§ THE PROBLEM
Would you please transcribe, exactly as written, the lines of the entries below starting at the one that holds "Powered by qualcomm" and ending at the one that holds "Home Secretary Theresa", both included?

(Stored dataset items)
__________

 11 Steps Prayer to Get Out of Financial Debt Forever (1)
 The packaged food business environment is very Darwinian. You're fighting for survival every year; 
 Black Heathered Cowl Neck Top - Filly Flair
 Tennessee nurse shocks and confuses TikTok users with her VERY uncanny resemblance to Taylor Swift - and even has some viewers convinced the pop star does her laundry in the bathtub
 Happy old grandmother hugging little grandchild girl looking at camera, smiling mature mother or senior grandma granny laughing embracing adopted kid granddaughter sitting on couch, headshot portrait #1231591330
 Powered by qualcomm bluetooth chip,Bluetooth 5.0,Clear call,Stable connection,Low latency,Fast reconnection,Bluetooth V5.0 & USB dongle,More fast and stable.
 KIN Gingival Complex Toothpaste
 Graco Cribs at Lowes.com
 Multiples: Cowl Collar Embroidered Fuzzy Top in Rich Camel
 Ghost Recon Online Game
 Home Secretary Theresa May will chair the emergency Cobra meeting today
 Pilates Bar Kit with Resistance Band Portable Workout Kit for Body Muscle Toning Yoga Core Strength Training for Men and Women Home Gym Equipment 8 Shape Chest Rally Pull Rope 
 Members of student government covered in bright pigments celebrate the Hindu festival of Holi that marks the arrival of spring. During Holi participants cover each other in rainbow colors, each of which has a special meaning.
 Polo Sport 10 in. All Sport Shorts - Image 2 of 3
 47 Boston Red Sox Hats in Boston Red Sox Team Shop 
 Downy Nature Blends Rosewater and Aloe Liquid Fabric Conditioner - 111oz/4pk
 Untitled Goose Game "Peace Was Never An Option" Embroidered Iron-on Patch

__________

§ EXERCISE OUTPUT
 Powered by qualcomm bluetooth chip,Bluetooth 5.0,Clear call,Stable connection,Low latency,Fast reconnection,Bluetooth V5.0 & USB dongle,More fast and stable.
 KIN Gingival Complex Toothpaste
 Graco Cribs at Lowes.com
 Multiples: Cowl Collar Embroidered Fuzzy Top in Rich Camel
 Ghost Recon Online Game
 Home Secretary Theresa May will chair the emergency Cobra meeting today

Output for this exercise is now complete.